Makrelen, Hornhechte ev. auch Bonitos sind doch im Freiwasser vom Grund recht unabhängig? Sind die um Cres nicht zu erwarten?

Ich hab mir jetzt mal um die Insel einige Stellen ausgespäht, die für mich unter der Anleitung von Zulu vielversprechend aussehen. Freue mich auf Einschätzungen oder weitere Einträge (PN mit Mailadresse).

Hab das anhand GoogleMaps und dieser Seekarte gemacht.
Weis mir jemand ne Quelle für eine Erkährung der Kürzel?
Bin im Netz gescheitert...

http://goo.gl/maps/rOkWk


----------



## zulu (14. März 2013)

*AW: Kroatien / Cres / Kovačine*

Boops Boops / Gelbstriemenbrasse / Ochsenaugenfisch / Blöker
Wow, das Kerlchen hat viel Namen... aber Google kennt keine Angler die auf ihn Jagt machen. Wie fängt man die?

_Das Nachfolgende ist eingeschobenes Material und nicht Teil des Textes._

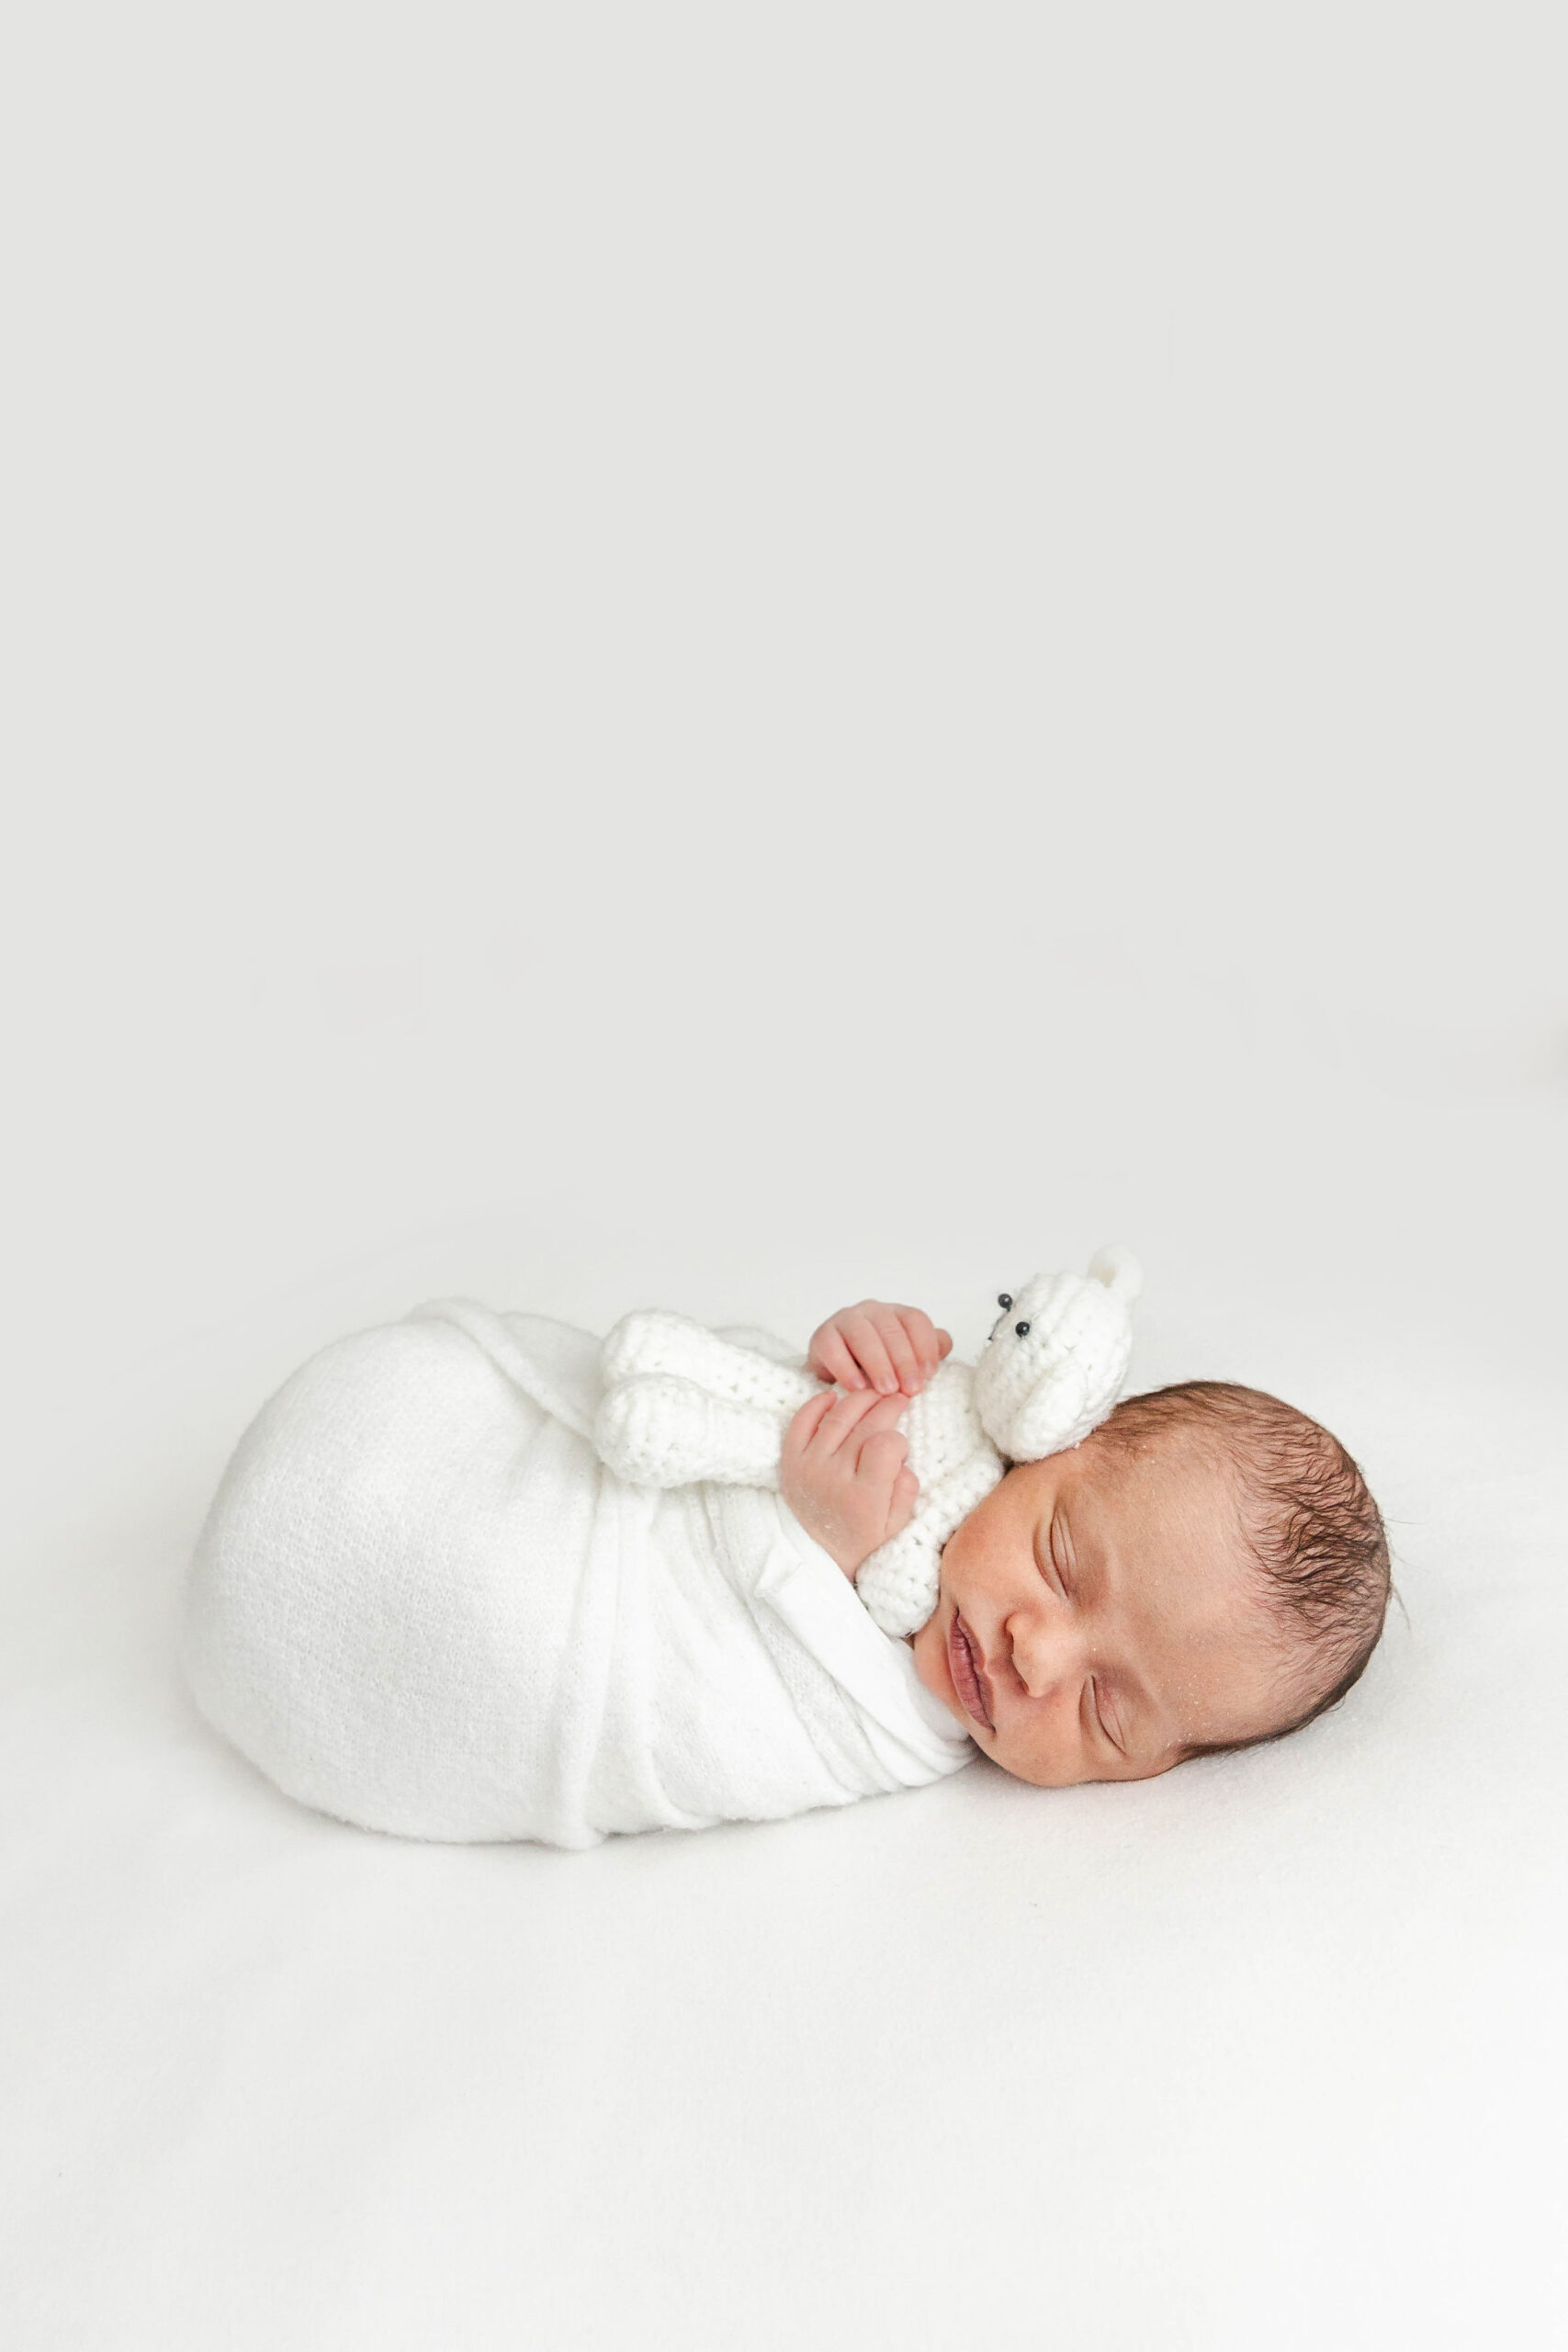 A newborn baby sleeps while clutching a white knit bear in a white swaddle thanks to a pediatric chiropractor miami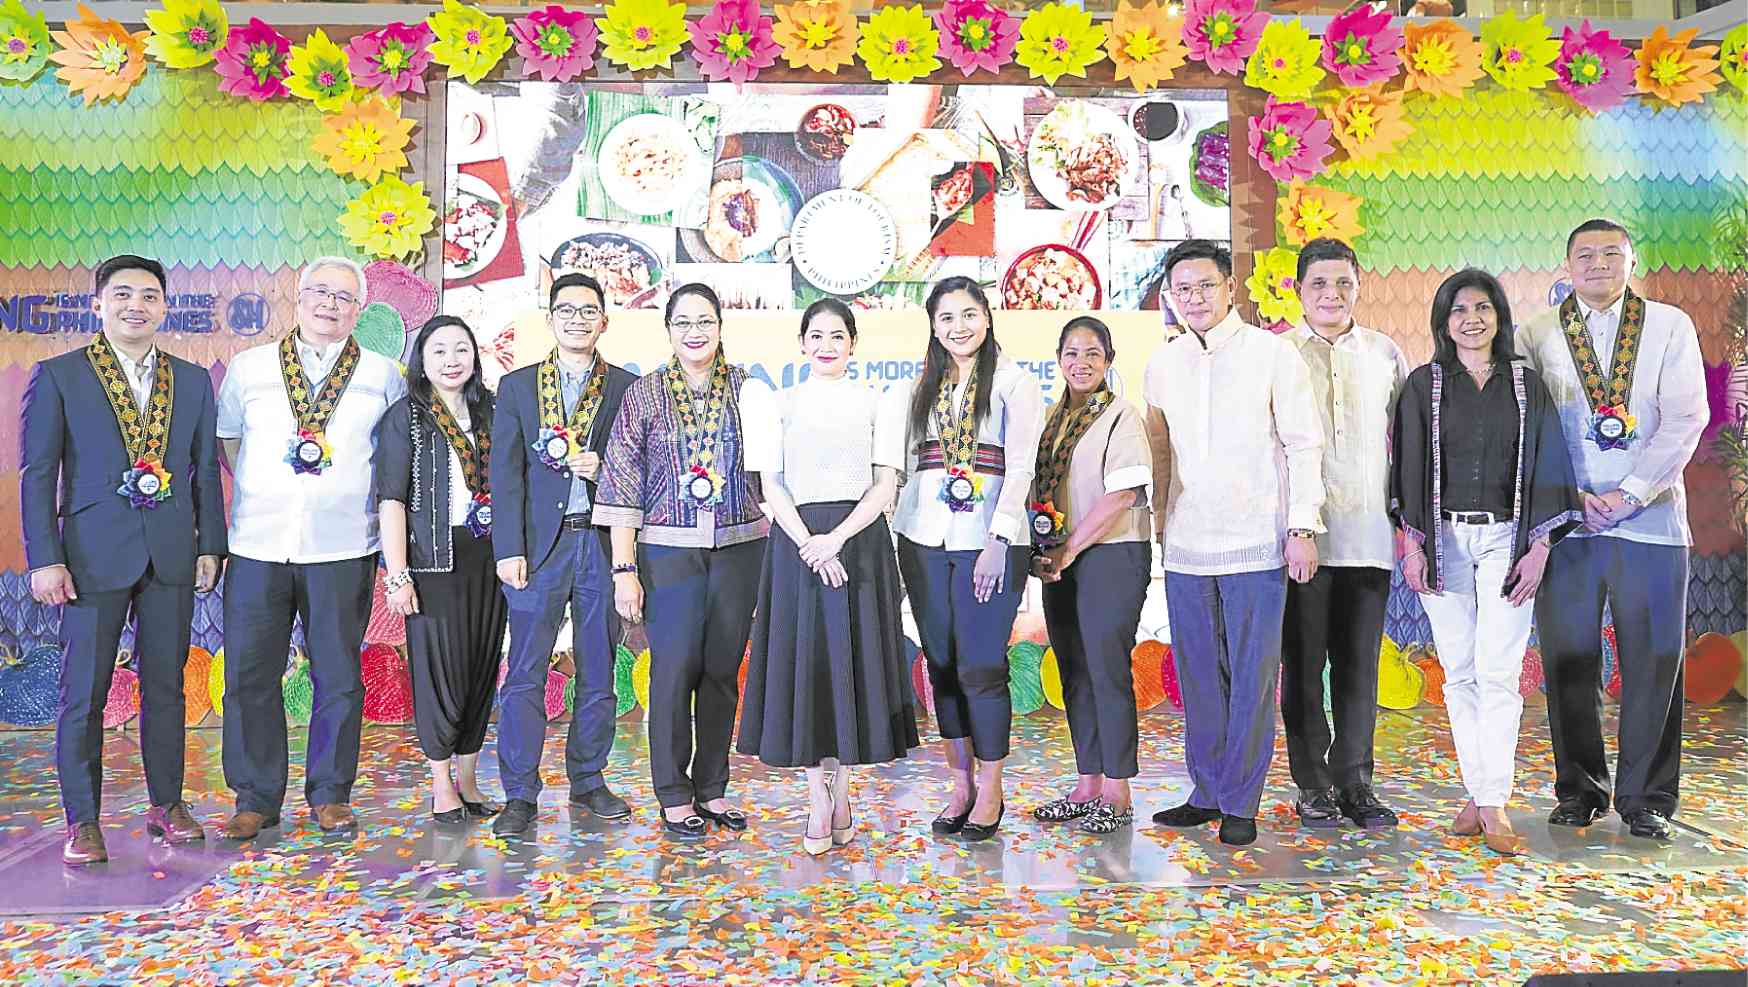 CAMPAIGNPARTNERS SMSupermalls have partnered with theDepartment of Tourism (DOT) for the “Malling isMore Fun in the Philippines” campaign inSMmalls nationwide. In photo: Jollibee’s Francis Flores,SMSupermarket’s Joey Mendoza, DOT’sAssistant SecretaryVerna Buensuceso and Assistant SecretaryHowie Uyking, Mandaluyong Mayor MenchieAbalos,DOTSecretary Bernadette Romulo-Puyat,Mandaluyong CouncilorCharisse Abalos, Margarita Fores,SMSupermalls’ Steven Tan and IanMathay,DOTNCR Officer in Charge CatherineAgustin, andSMSupermalls’ Jonjon San Agustin at theMay 17 launch atSMMega Fashion Hall. For more details, visit www.smsupermalls.com

Ich finds gut das wir uns verstehen
du hast einen plan !


Auf den Blöker muss man auch keine jagd machen 

der beißt so nebenher

manchmal schon lästig

er schmeckt uns auch nicht wirklich

ist nur ein fisch der anderen fischen sehr gut schmeckt

wenn du weißt was ich meine

fressen tun die alles

sehr gerne teig,

 lach nicht !

 mehl+wasser kneten , eine sardine mit rein

einem kleinen kalmar -fetzen kann er auch nicht wiederstehen


----------



## zulu (14. März 2013)

*AW: Kroatien / Cres / Kovačine*

*Makrelen, Hornhechte ev. auch Bonitos sind doch im Freiwasser vom Grund recht unabhängig? Sind die um Cres nicht zu erwarten?*

Die sind da

musst sie nur anlocken

immer etwas frisches futter rauslassen

 vielleicht nicht am ersten tag

aber das ist wie mit den karpfen

wenn du immer an der gleichen stelle bist und fütterst

so nach 3-4 tagen sollte sich das rumgeschmeckt haben

mach dir gedanken über einen anker  wenigstens 80m  ankerseil und eine boje - kanister reicht 

Bei aller euphorie , suche dir mit dem kleinen boot einen sicheren platz nah am land.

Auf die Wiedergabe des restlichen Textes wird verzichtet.